Anyway, I was passing, and they all say the same thing – I could be a beggar’s script-writer, I could write them good scripts, but the buggers won’t listen, they all copy each other – ‘Have you got any change?’ I hate that. When I was young beggars were different. They used to tell you marvellous lies like:

‘You’re a great, handsome fella!’


‘You’re a great, handsome fella.’

‘I’m sorry, I can’t hear.’

‘I was just saying what a great, handsome fella you are.’ And then I’d give him two shillings. You bought the performance. You bought the lie, and then we are equals, and that’s charming. It’s not going to go far, maybe… Anyway, a voice said to me, ‘Have you got any small change?’ in that pathetic way, so I said, ‘Yup.’ I got my money out and he looked up and said, ‘Christ! Dr Who.’

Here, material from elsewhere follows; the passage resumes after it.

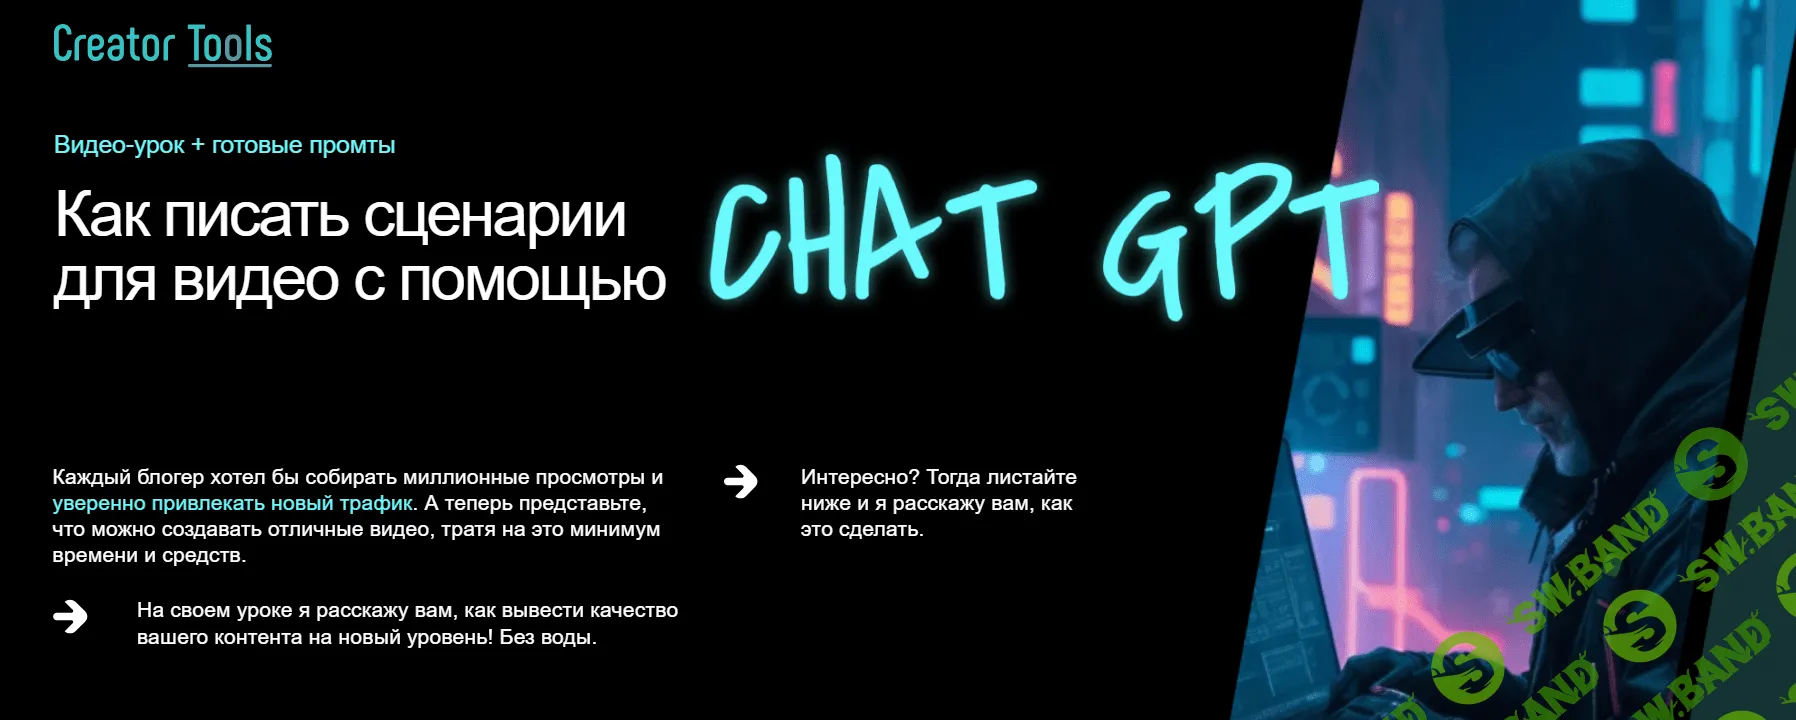 [Игорь Рубанович] Как писать сценарии для видео с помощью ChatGPT (2023)
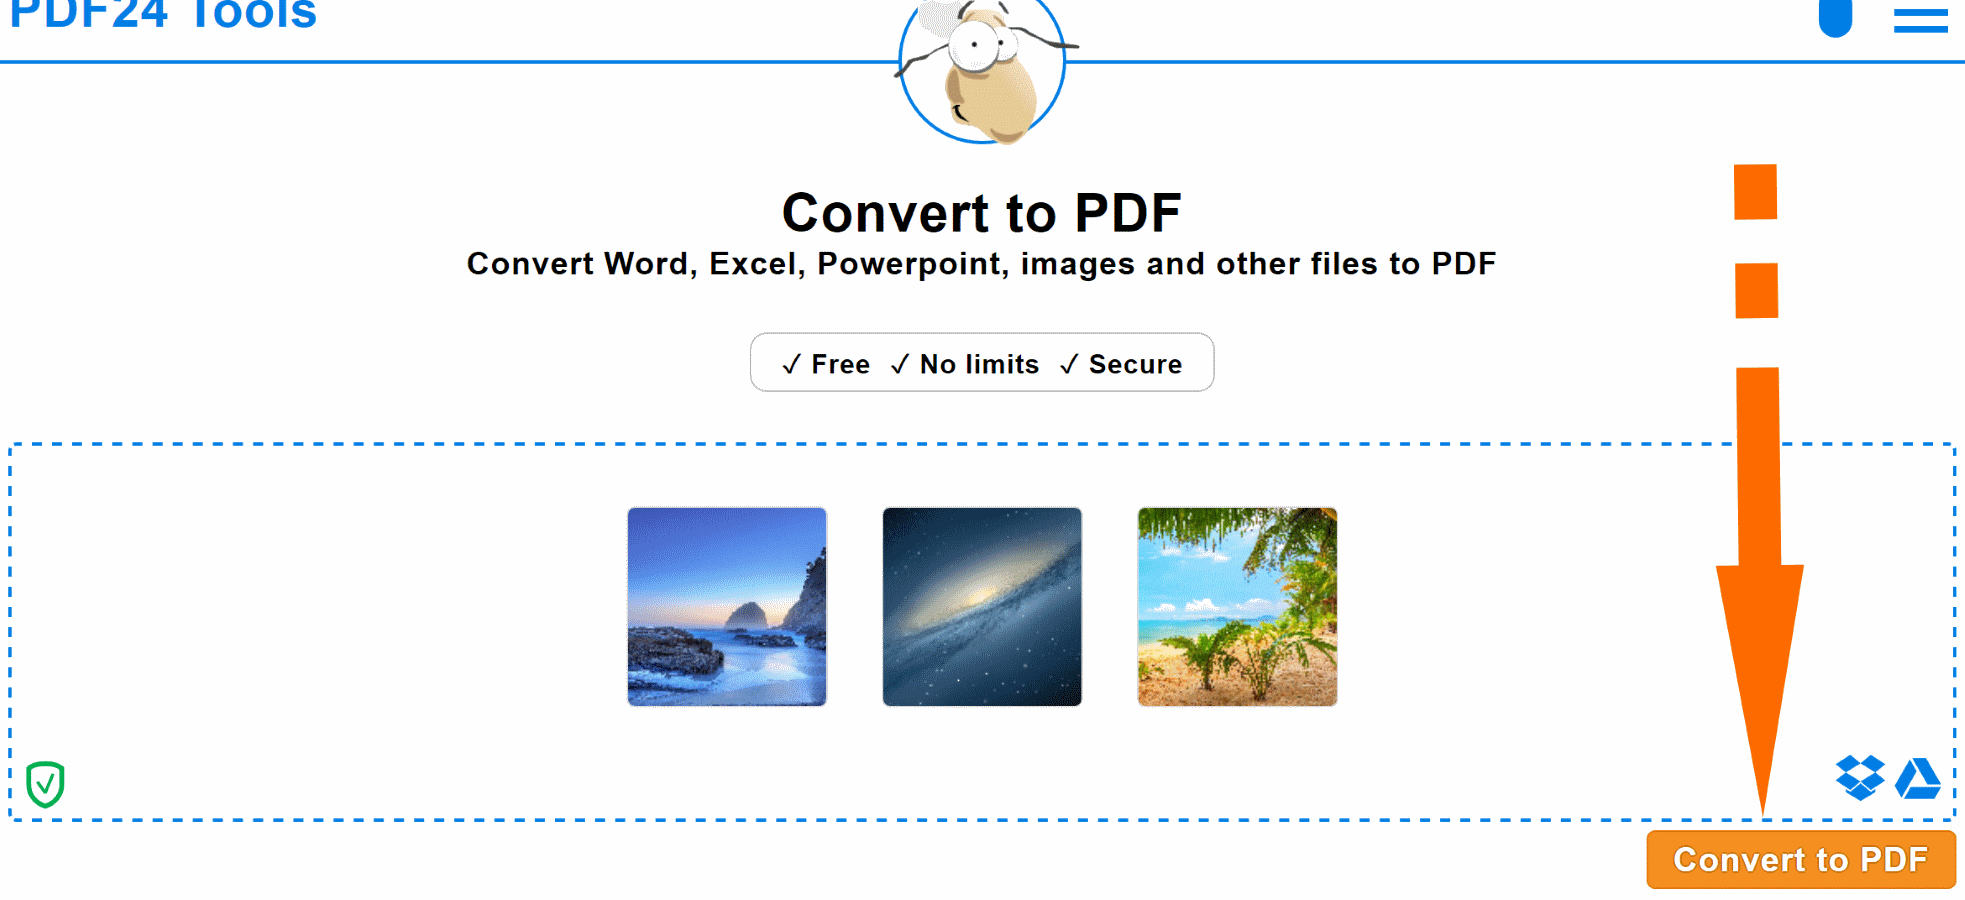 Converteer Jpg Naar Pdf - Snel, Online, Gratis - Pdf24 Tools

I said, ‘Yes. Have two pounds.’

‘Ah, man,’ he said, ‘You’re my hero. You were my hero.’

‘Look, have three pounds.’ Then there was a sudden change, and I looked at him in the terrible light of Deansgate in Manchester and I saw rushing through his face, as we was jolted back to sitting on the sofa with the smell of fish fingers and chips when he was secure and washed. And then you jump on twenty years and he’s begging in Deansgate, and who comes along to offer him three pounds, but The Doctor.

Three pounds is not much after the things I did at the BBC – saving the whole bloody universe every week. But he said, ‘No. I don’t want the money.’ Incredible. Then came the request. ‘Can’t you get us out of here?’ I could imagine… I should have said to him, ‘Eight o’clock, outside the bookshop. Be there.’ And at eight o’clock the place would be full of the magazine sellers and the beggars and they’d all pile into the Tardis, and I’d be saying, ‘Come on! Quick! Quick!’ They’d all pile in, thousands of them, and then I’d close the door and you’d hear a panting – ‘cos there’s always got to be someone late in order to tell the press afterwards. And then woo-woo and away we’d go to somewhere happy. There’d just be me and these people, and K9 and it would be great.

Then the next day, in the Manchester Evening News it would say, ‘Where Have All Our Beggars Gone?’ The special branch would be out misunderstanding everything. Walking round with pictures of beggars. ‘Have you seen this beggar?’ It would be fantastic, wouldn’t it?

Anyway. I persuaded him to have the three pounds.